» AIM OF THE EXERCISE: For any picture in the lines below, please leave it out and copy the rest exactly.

» EXERCISE DATA:
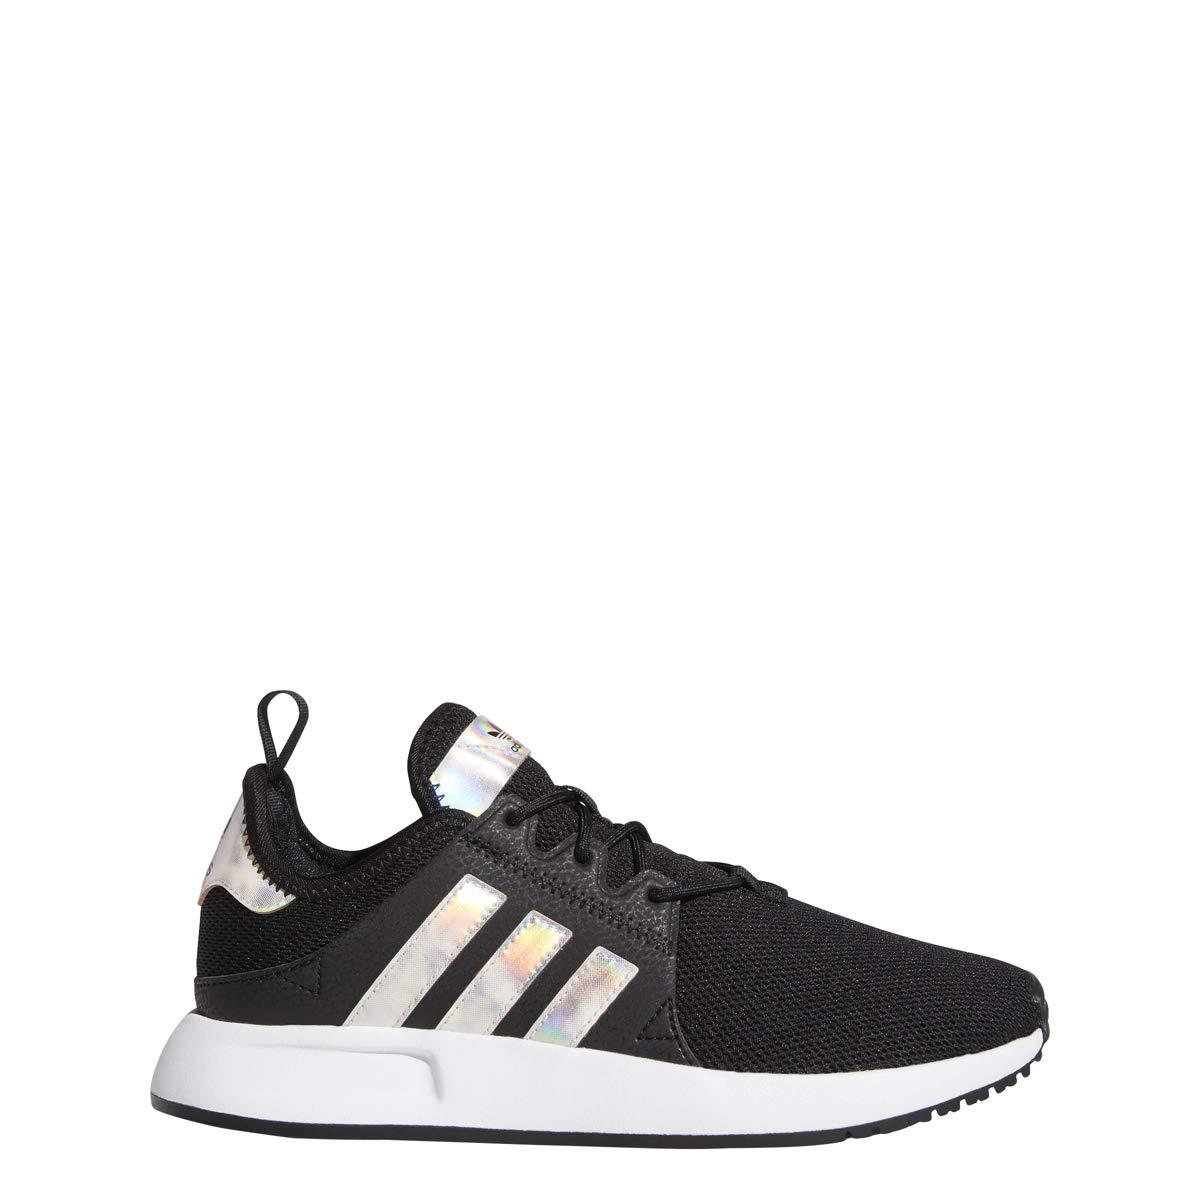 new style 13be5 7753e Amazon.com   adidas Girls X PLR J Sneaker (6 M US Big Kid, Blk Metallic)    Sneakers
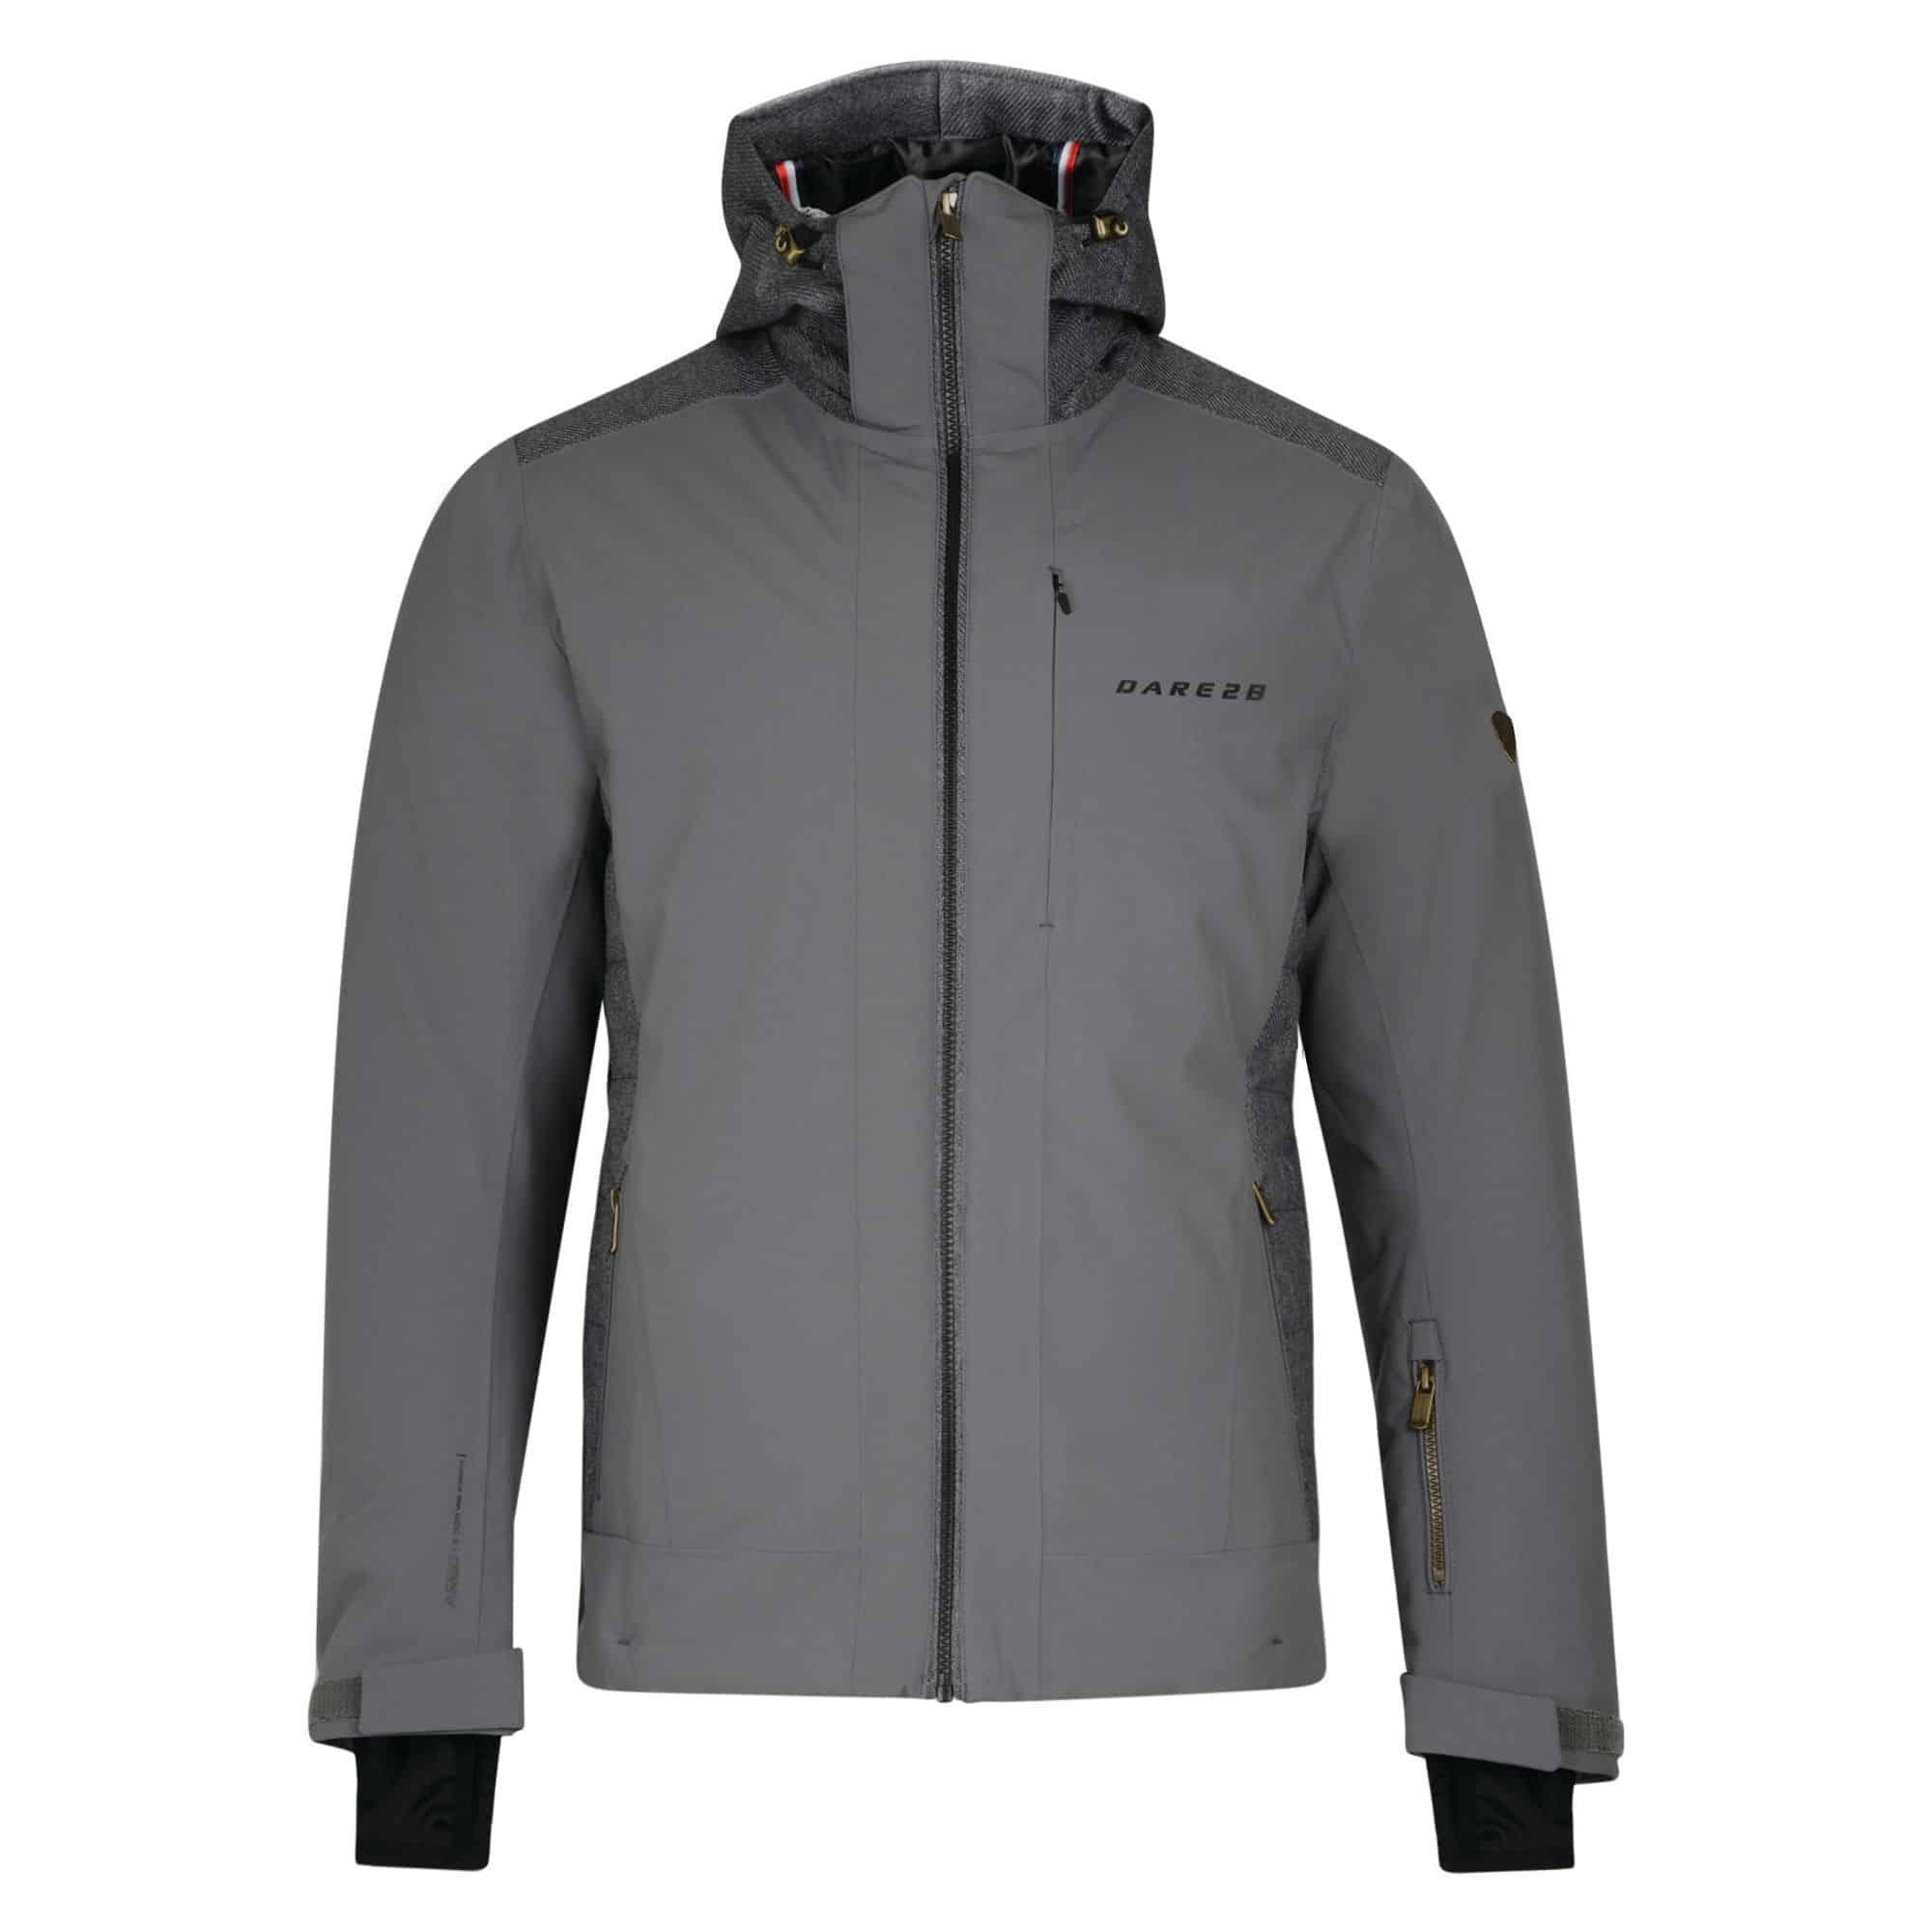 rendition 1718 jacket grey front
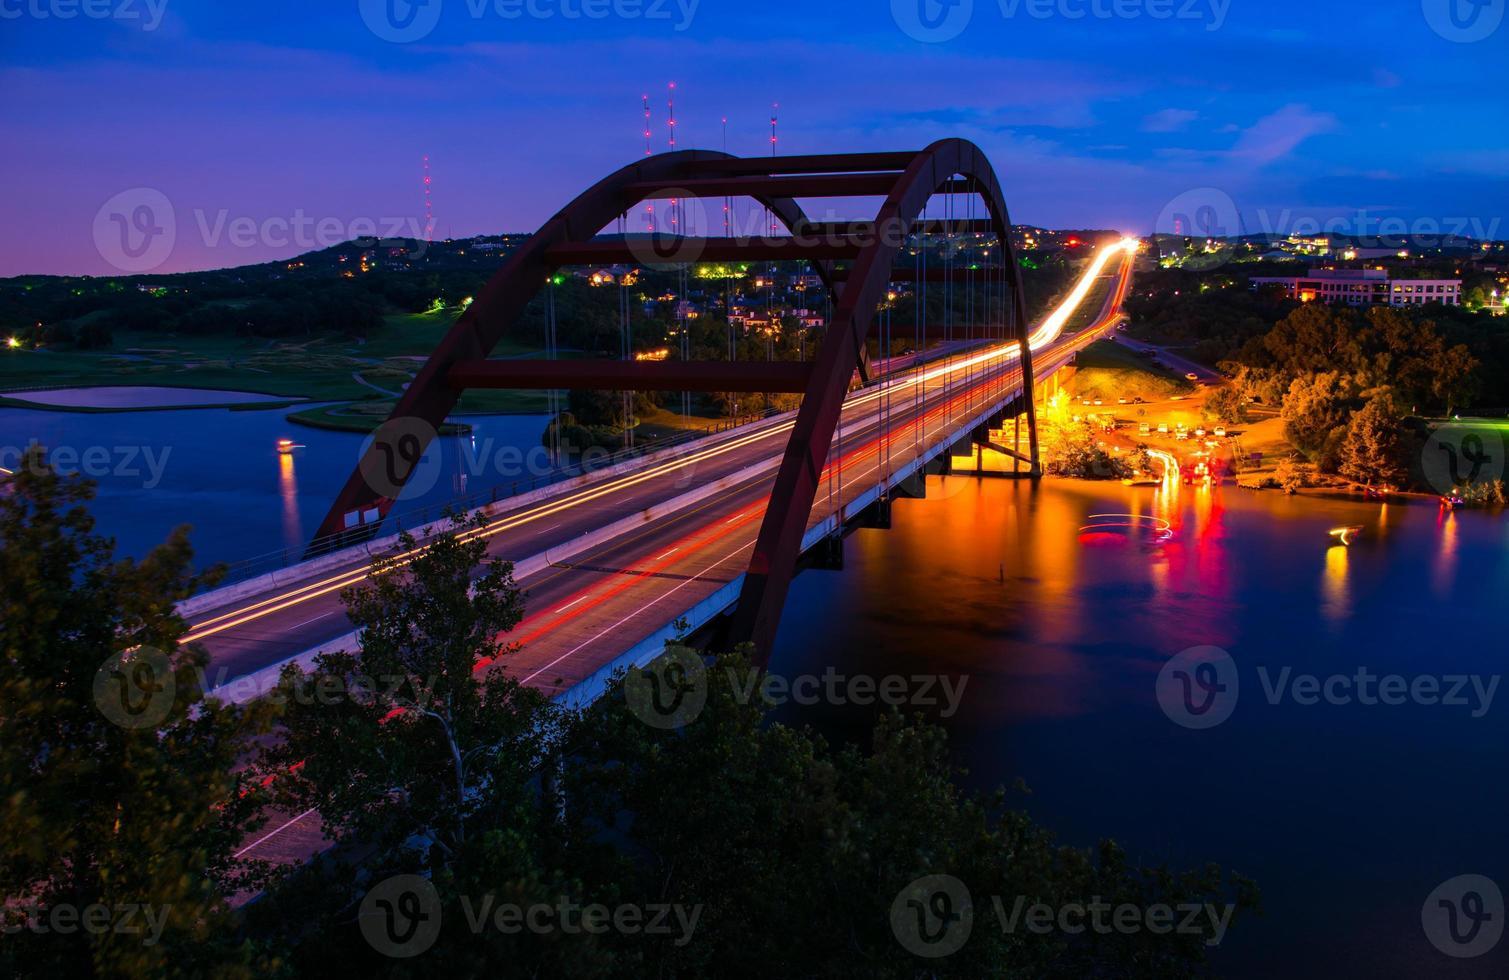 Pennybacker Loop 360 Brücke Nacht Schuss Kreis Lichter Austin Texas foto

» TASK SOLUTION:
 new style 13be5 7753e Amazon.com   adidas Girls X PLR J Sneaker (6 M US Big Kid, Blk Metallic)    Sneakers
 rendition 1718 jacket grey front
 Pennybacker Loop 360 Brücke Nacht Schuss Kreis Lichter Austin Texas foto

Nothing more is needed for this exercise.